Digital twin research brings this problem into technical focus. Li and colleagues’ concept of Digital Twin Federation is especially useful because it refuses the fantasy of one total urban model. Mobility systems are distributed across infrastructures, platforms, behaviours, sensors, institutions and temporal scales. Their twins must be federated rather than monolithic. The inclusion of human-in-the-loop architecture is crucial. It recognises that urban mobility cannot be governed by automated representation alone. Stakeholder judgment, behavioural uncertainty and public deliberation must remain inside the model. Nag and colleagues’ review of transport digital twins sharpens this through classification. Many systems described as digital twins are actually digital models or digital shadows. A model represents. A shadow receives data. A twin requires interaction, connection, service and feedback. HybridLegibility becomes relevant here because the urban twin must be legible to both technical systems and public actors. If a twin can be understood only by specialists, it risks becoming another opaque instrument of governance. If it is simplified only for public display, it may become symbolic theatre. The challenge is hybrid readability.
Belonging complicates the digital frame. Urban mobility is never simply the ability to move. It is the ability to remain connected to meaningful places, relationships and routines. Willcocks-Musselman and colleagues’ work on place attachment and managed retreat shows that relocation, climate adaptation and movement involve identity, affect, continuity and loss. Pinkster and Loomans’ account of urban belonging as place-based affect extends this to everyday city life. Belonging is made through repeated encounters, social recognition, atmosphere, memory and the ordinary permission to inhabit.
PublicSyntax, as secondary operator, names the shared grammar required for mobility systems to become civic. A city’s mobility language cannot remain trapped in technical indicators. It must translate accessibility, waiting time, service gaps, transport poverty, digital exclusion, safety, care journeys and attachment into terms that can be publicly debated. Sustainable Urban Mobility Plans are important because they try to make mobility procedural: diagnosis, vision, indicators, measures, implementation, monitoring and review become part of one public cycle. This is not glamorous, but it is structurally important. Civic mobility depends on procedure as much as innovation. Smart-city inclusion research warns against rhetorical inclusion. Kolotouchkina, Ripoll González and Belabas show that smart cities often reproduce inequalities through digital access, literacy, age, disability and institutional participation gaps. UN-Habitat’s smart-city outlook similarly reorients smartness toward public value, human rights, standards, governance and ethical data infrastructures. Inclusion is not an added chapter after technical deployment. It must shape the architecture of the system. SitePaper, as secondary operator, connects this back to Socioplastics. A site is not only a physical location; it can also be a document with coordinates, a text that situates a problem, a paper that anchors a field. Digital twins often fail because they abstract place into system performance. SitePaper insists that every model must remain attached to situated evidence. A mobility twin must know where it stands: which city, which climate, which population, which institutional capacity, which histories of exclusion.

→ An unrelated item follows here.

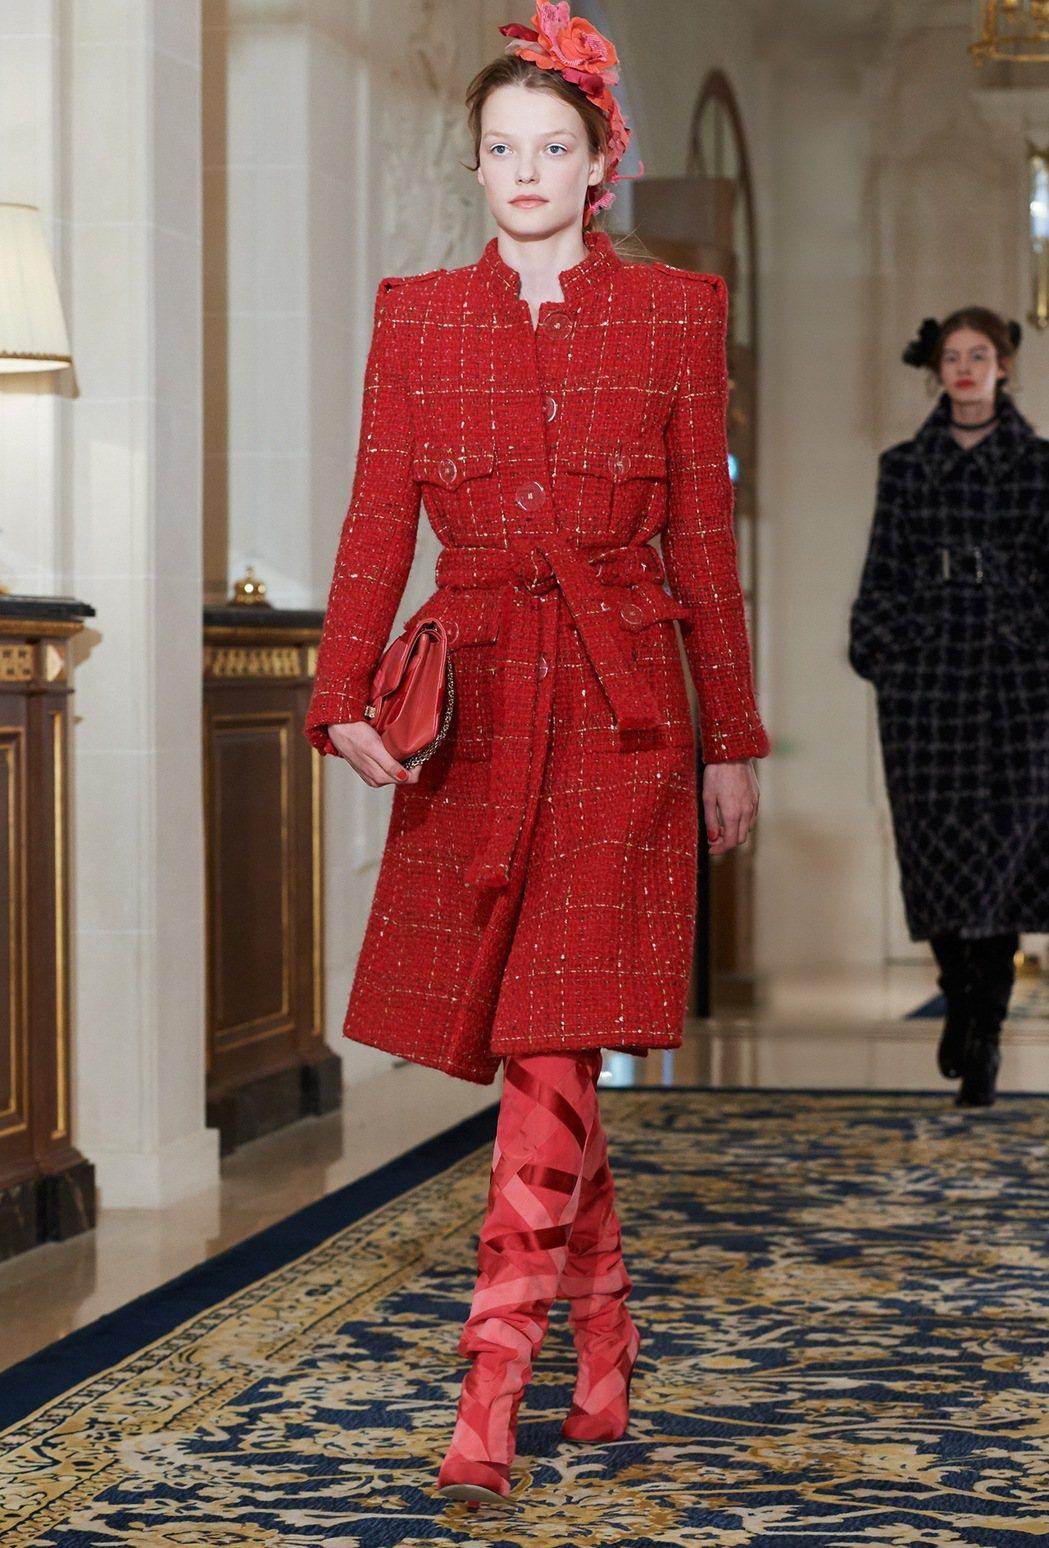 香奈兒2017巴黎大都會工坊系列女裝紅色斜紋軟呢大衣。圖/摘自微博
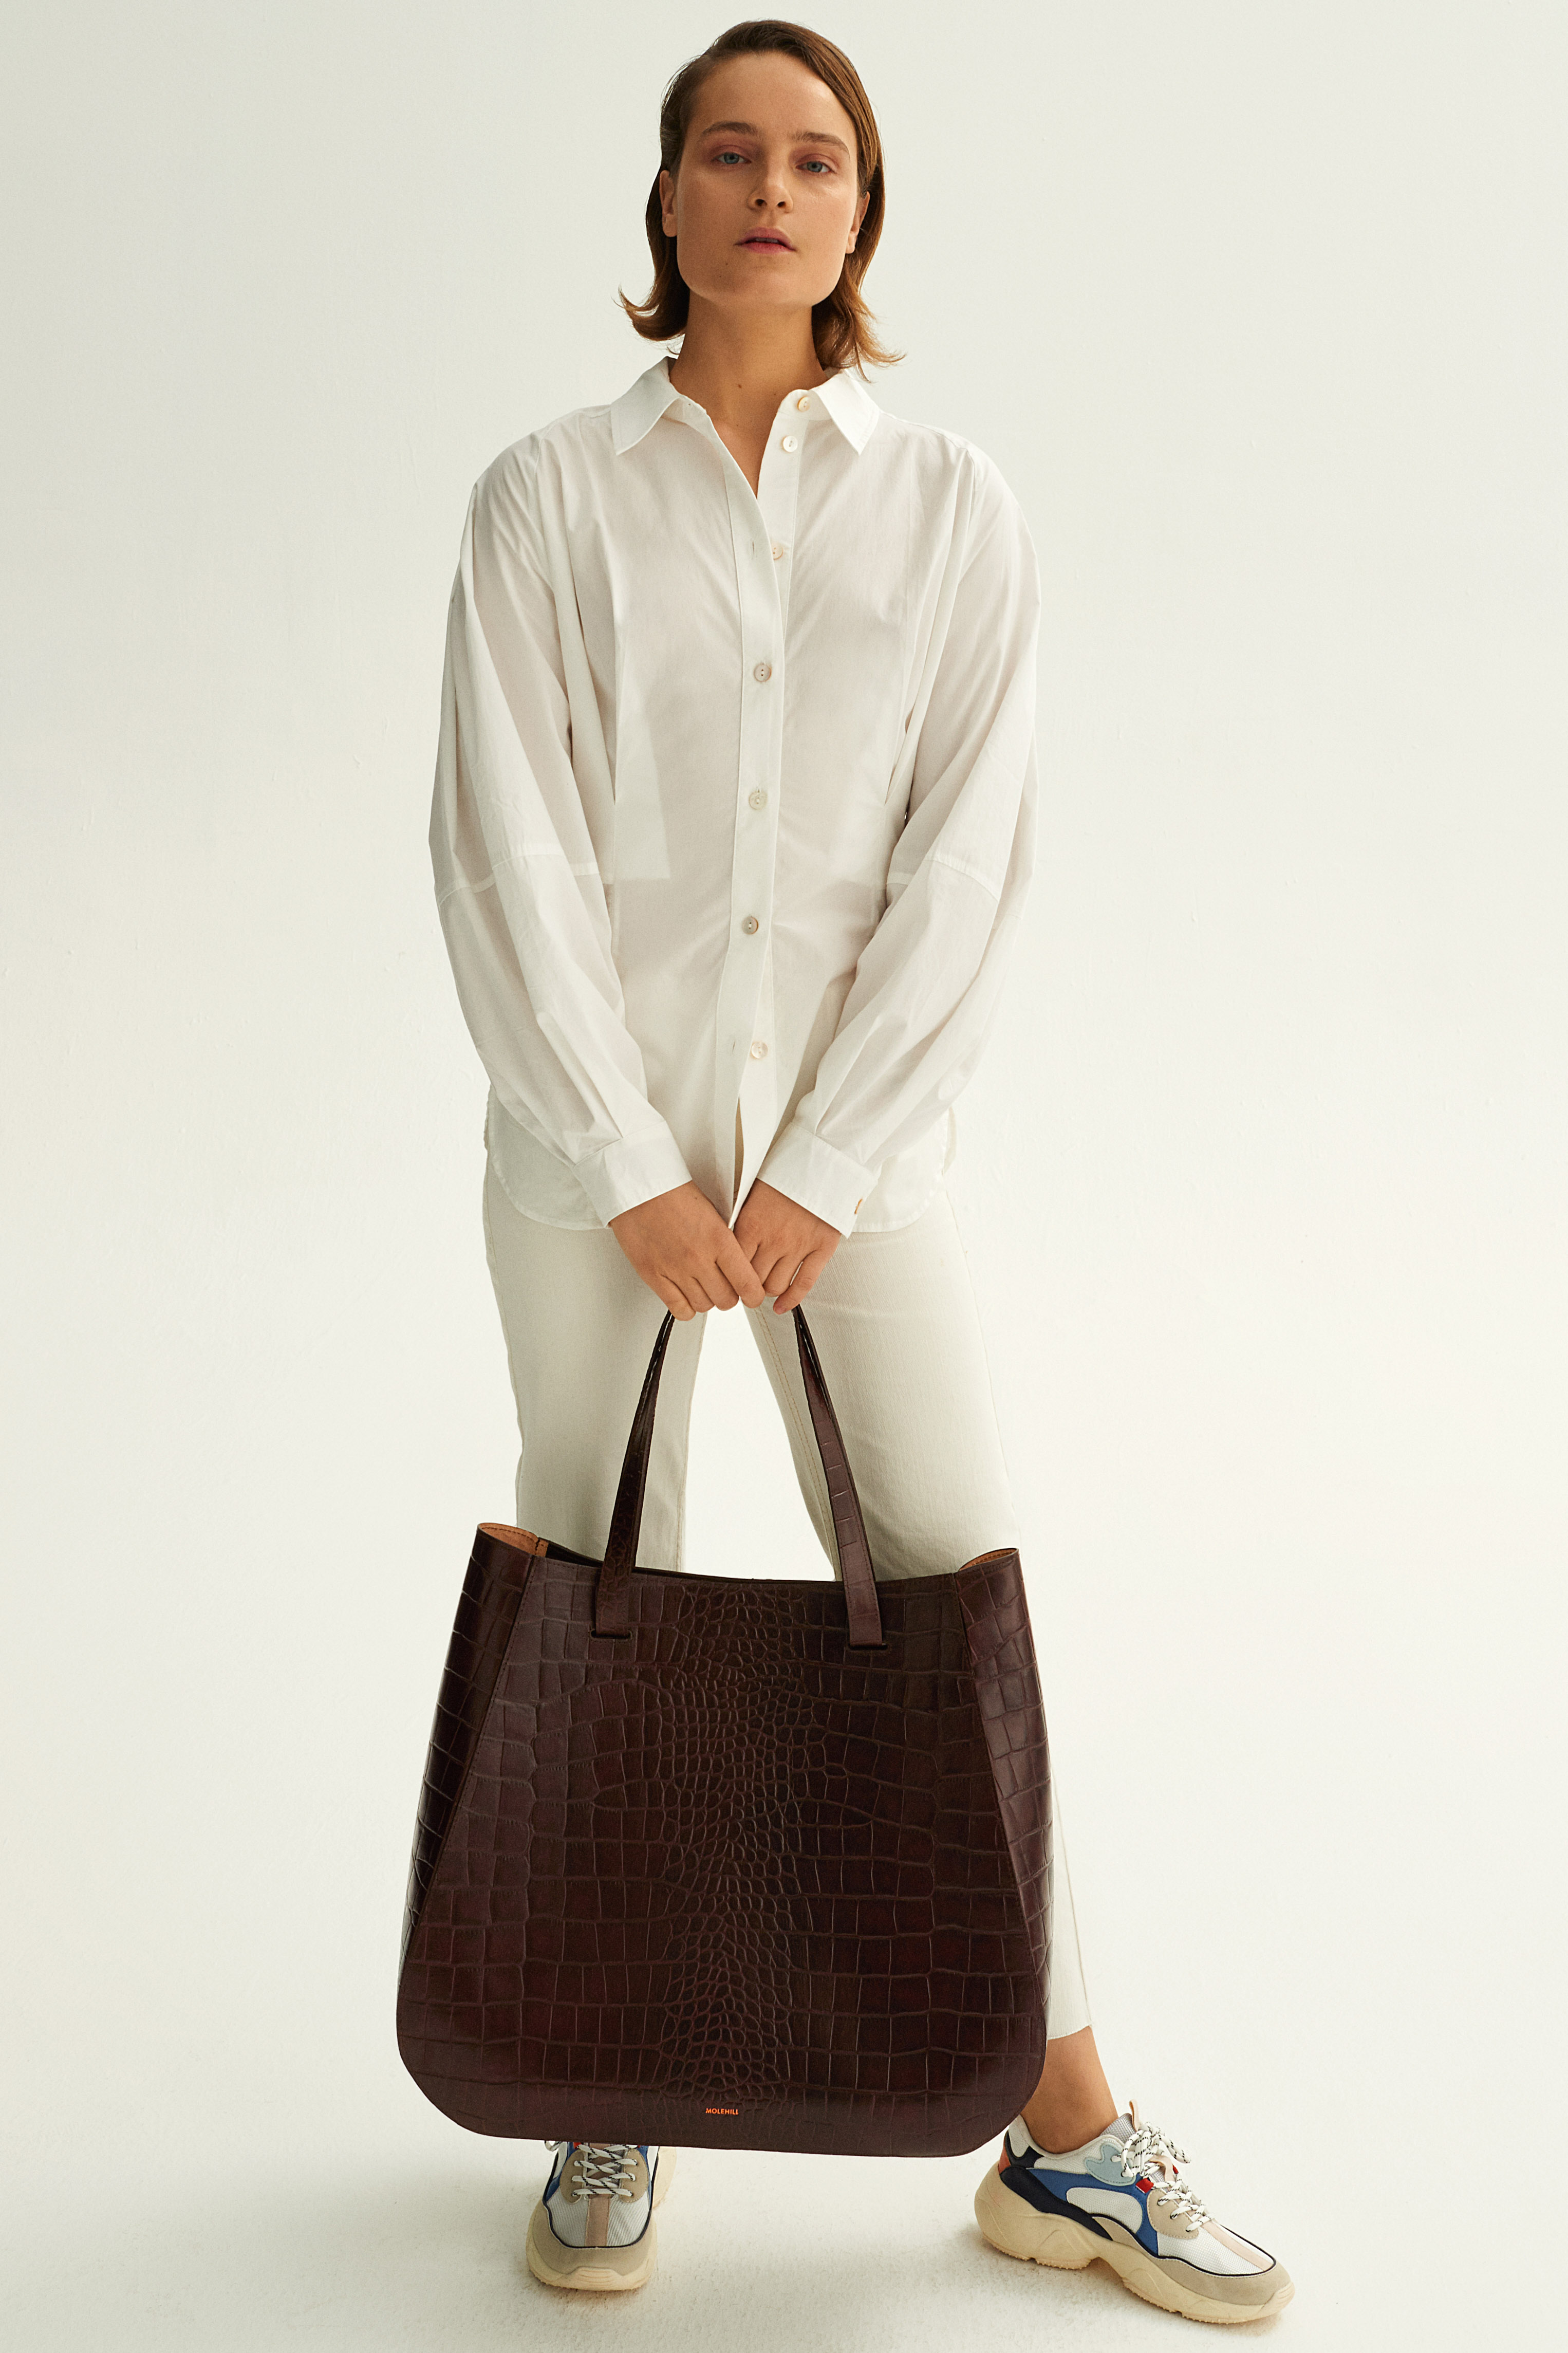 Molehill-Lookbook-Lesa-Large-Handbag-Croco-Brown-Special-Edition

For Socioplastics, DualAddress also describes the corpus itself. At 6K, the field is written for human readers and machine systems. It is public text and technical trace, essay and index, archive and signal. This reader therefore acts as a mirror. A digital twin of mobility and a distributed textual corpus share the same problem: how to become legible across systems without losing embodied complexity. The answer is not to reject modelling. The answer is to make modelling accountable to belonging.